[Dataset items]
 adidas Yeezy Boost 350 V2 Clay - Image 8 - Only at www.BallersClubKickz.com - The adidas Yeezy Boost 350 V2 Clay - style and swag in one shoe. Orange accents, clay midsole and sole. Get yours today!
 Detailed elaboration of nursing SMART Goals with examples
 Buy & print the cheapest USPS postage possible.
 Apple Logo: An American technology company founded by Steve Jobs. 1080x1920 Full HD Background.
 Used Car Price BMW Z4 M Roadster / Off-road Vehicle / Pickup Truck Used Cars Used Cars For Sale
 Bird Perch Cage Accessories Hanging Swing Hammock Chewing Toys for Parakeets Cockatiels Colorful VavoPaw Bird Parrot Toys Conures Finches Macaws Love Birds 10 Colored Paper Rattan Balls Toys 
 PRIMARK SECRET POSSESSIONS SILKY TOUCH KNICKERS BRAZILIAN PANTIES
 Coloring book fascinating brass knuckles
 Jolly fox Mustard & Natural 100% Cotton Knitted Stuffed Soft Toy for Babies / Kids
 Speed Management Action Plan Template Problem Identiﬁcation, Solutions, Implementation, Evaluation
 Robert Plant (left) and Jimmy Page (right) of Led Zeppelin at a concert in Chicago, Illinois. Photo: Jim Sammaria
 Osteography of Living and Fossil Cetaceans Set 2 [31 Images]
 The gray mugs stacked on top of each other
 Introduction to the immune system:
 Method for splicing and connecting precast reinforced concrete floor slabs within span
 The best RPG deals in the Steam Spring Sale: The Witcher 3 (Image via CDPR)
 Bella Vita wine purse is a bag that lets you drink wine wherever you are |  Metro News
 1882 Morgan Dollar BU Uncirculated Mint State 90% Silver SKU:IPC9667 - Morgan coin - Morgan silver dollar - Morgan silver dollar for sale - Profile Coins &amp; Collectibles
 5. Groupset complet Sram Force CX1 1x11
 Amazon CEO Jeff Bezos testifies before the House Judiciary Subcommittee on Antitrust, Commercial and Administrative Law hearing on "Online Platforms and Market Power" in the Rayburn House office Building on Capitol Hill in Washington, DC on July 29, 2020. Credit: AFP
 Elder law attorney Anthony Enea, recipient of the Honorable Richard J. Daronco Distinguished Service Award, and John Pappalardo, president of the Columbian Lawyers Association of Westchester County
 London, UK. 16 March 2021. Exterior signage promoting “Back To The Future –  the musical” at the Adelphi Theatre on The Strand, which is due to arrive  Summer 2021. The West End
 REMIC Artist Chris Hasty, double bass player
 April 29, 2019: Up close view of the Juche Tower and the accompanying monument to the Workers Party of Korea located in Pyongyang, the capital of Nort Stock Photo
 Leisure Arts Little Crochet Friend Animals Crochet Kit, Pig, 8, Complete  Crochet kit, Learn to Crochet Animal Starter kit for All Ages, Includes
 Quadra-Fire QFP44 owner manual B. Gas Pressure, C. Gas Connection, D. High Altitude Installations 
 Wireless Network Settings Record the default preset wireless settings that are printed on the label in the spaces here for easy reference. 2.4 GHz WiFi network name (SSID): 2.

▶ _REQUIRED WORK_
Given the records above, reproduce precisely and only the lines between the line holding "Buy & print" and the line holding "5. Groupset complet Sram Force CX1 1x11", inclusive.

▶ _OUTPUT OF THE TASK_
 Buy & print the cheapest USPS postage possible.
 Apple Logo: An American technology company founded by Steve Jobs. 1080x1920 Full HD Background.
 Used Car Price BMW Z4 M Roadster / Off-road Vehicle / Pickup Truck Used Cars Used Cars For Sale
 Bird Perch Cage Accessories Hanging Swing Hammock Chewing Toys for Parakeets Cockatiels Colorful VavoPaw Bird Parrot Toys Conures Finches Macaws Love Birds 10 Colored Paper Rattan Balls Toys 
 PRIMARK SECRET POSSESSIONS SILKY TOUCH KNICKERS BRAZILIAN PANTIES
 Coloring book fascinating brass knuckles
 Jolly fox Mustard & Natural 100% Cotton Knitted Stuffed Soft Toy for Babies / Kids
 Speed Management Action Plan Template Problem Identiﬁcation, Solutions, Implementation, Evaluation
 Robert Plant (left) and Jimmy Page (right) of Led Zeppelin at a concert in Chicago, Illinois. Photo: Jim Sammaria
 Osteography of Living and Fossil Cetaceans Set 2 [31 Images]
 The gray mugs stacked on top of each other
 Introduction to the immune system:
 Method for splicing and connecting precast reinforced concrete floor slabs within span
 The best RPG deals in the Steam Spring Sale: The Witcher 3 (Image via CDPR)
 Bella Vita wine purse is a bag that lets you drink wine wherever you are |  Metro News
 1882 Morgan Dollar BU Uncirculated Mint State 90% Silver SKU:IPC9667 - Morgan coin - Morgan silver dollar - Morgan silver dollar for sale - Profile Coins &amp; Collectibles
 5. Groupset complet Sram Force CX1 1x11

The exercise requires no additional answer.